Grove Press is a hardcover and paperback imprint of Grove Atlantic, Inc. Grove Press was founded on Grove Street in New York’s Greenwich Village in 1947. But its true beginning came in 1951 when twenty-eight-year-old Barney Rossett, Jr. bought the company and turned it into one of the most influential publishers of the 1950s, 60s, and 70s. From the outset, Rossett took chances: Grove published many of the Beats including William S. Burroughs, Jack Kerouac, and Allen Ginsberg. In addition, Grove Press became the preeminent publisher of twentieth-century drama in America, publishing the work of Samuel Beckett (Nobel Prize for Literature 1969), Bertold Brecht, Eugene Ionesco, David Mamet (Pulitzer Prize for Drama 1984), Harold Pinter (Nobel Prize for Literature 2005), Tom Stoppard, and many more. The press also introduced to American audiences the work of international authors such as Jorge Luis Borges, Mikhail Bulgakov, Marguerite Duras, Jean Genet, Pablo Neruda, Octavio Paz (Nobel Prize for Literature 1990), Kenzaburo Oe (Nobel Prize for Literature 1994), Elfriede Jelinek (Nobel Prize for Literature 2004), Alain Robbe-Grillet, and Juan Rulfo. In the late 1950s and early 1960s, Barney Rossett challenged the obscenity laws by publishing D. H. Lawrence’s Lady Chatterley’s Lover and then Henry Miller’s Tropic of Cancer. His landmark court victories changed the American cultural landscape. Grove Press went on to publish literary erotic classics like The Story of O and ground-breaking gay fiction like John Rechy’s City of Night, as well as the works of the Marquis de Sade. On the political front, Grove Press published classics that include Franz Fanon’s The Wretched of the Earth, The Autobiography of Malcolm X, and Che Guevara’s The Bolivian Diary, among many other titles. In 1986, Barney Rosset sold the company and the press became part of Grove Weidenfeld. In 1993 that company was merged with Atlantic Monthly Press to form Grove Atlantic, Inc.

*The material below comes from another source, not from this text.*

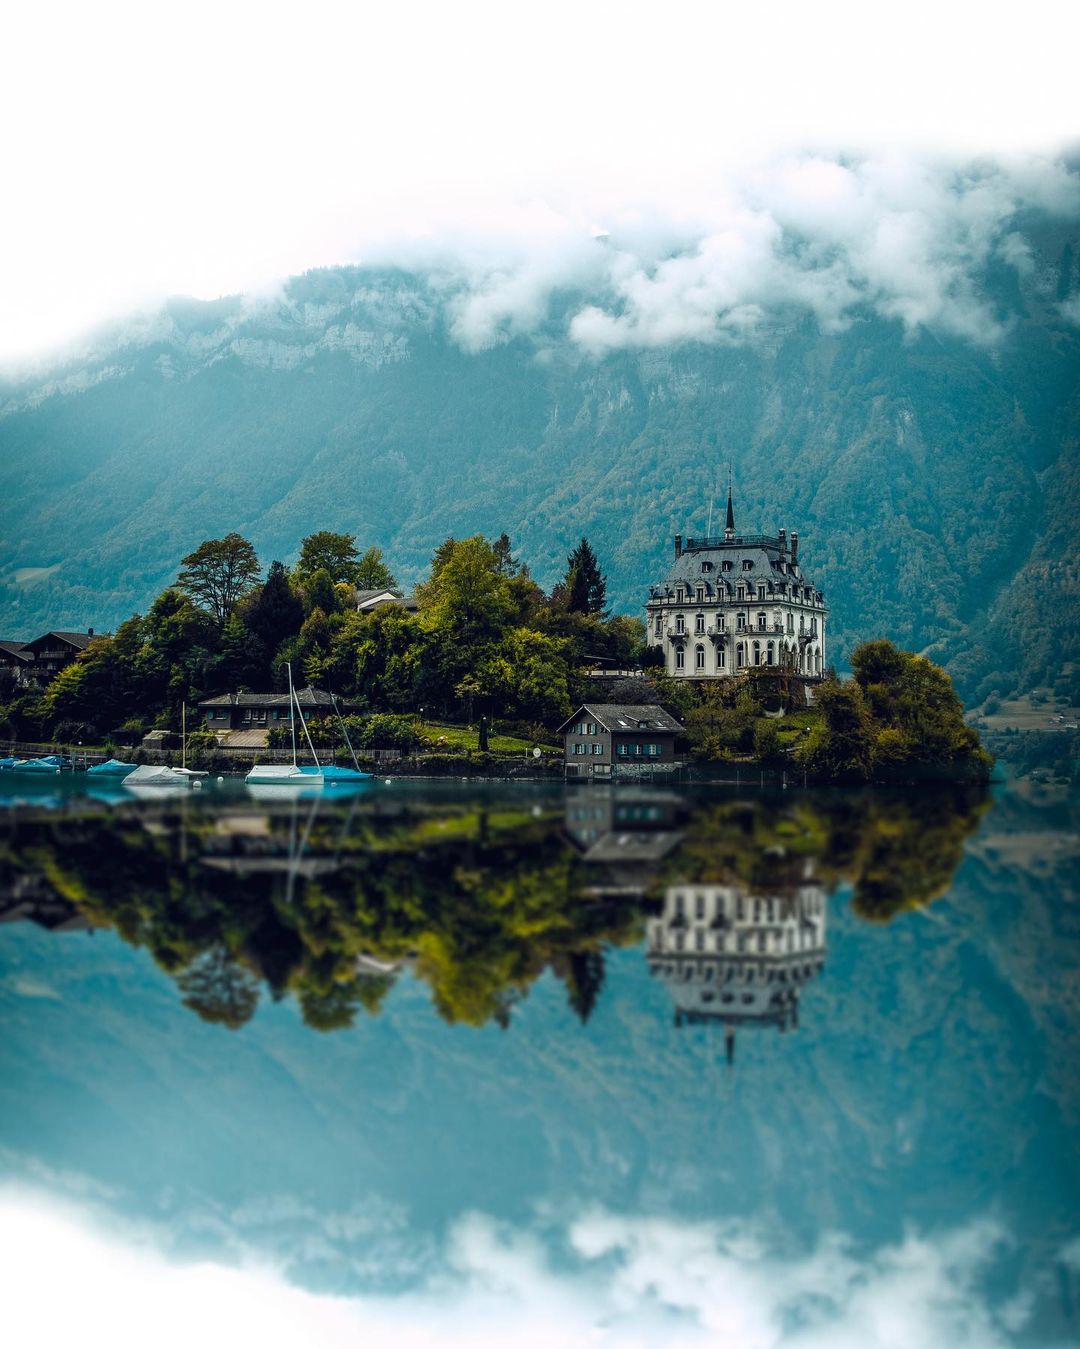 Vùng vịnh thu nhỏ Thuỵ Sĩ: Những ngôi nhà cổ xinh đẹp bên bờ biển xanh thẳm, nắm giữ một lịch sử và văn hóa phong phú của người dân Thuỵ Sĩ. Điểm đến này sẽ khiến bạn bất ngờ những cảm xúc tuyệt vời như hoà mình vào cảnh sắc tuyệt đẹp, tìm hiểu về văn hóa xứ người và thư giãn trong không gian yên bình.

Since 1993, Grove Press has been both a hardcover and paperback imprint of Grove Atlantic publishing fiction, drama, poetry, literature in translation, and general nonfiction. Authors and titles include Jon Lee Anderson’s Che Guevara: A Revolutionary Life, Robert Olen Butler’s A Good Scent from a Strange Mountain (Pulitzer Prize for Literature 1993), Kiran Desai’s Inheritance of Loss (Man Booker Prize 2006), Richard Flanagan’s Gould’s Book of Fish (Commonwealth Prize 2002), Ismail Kadare’s The Siege, Jerzy Kosinski’s Steps (National Book Award 1969), Jacqueline Susann’s Valley of the Dolls, Nick McDonell’s Twelve, Catherine Millet’s The Sexual Life of Catherine M., Pascal Mercier’s Night Train to Lisbon, Kay Ryan (Poet Laureate of the United States 2008/9) as well as Antonio Lobo Antunes, Will Self, Barry Hannah, Terry Southern, and many others.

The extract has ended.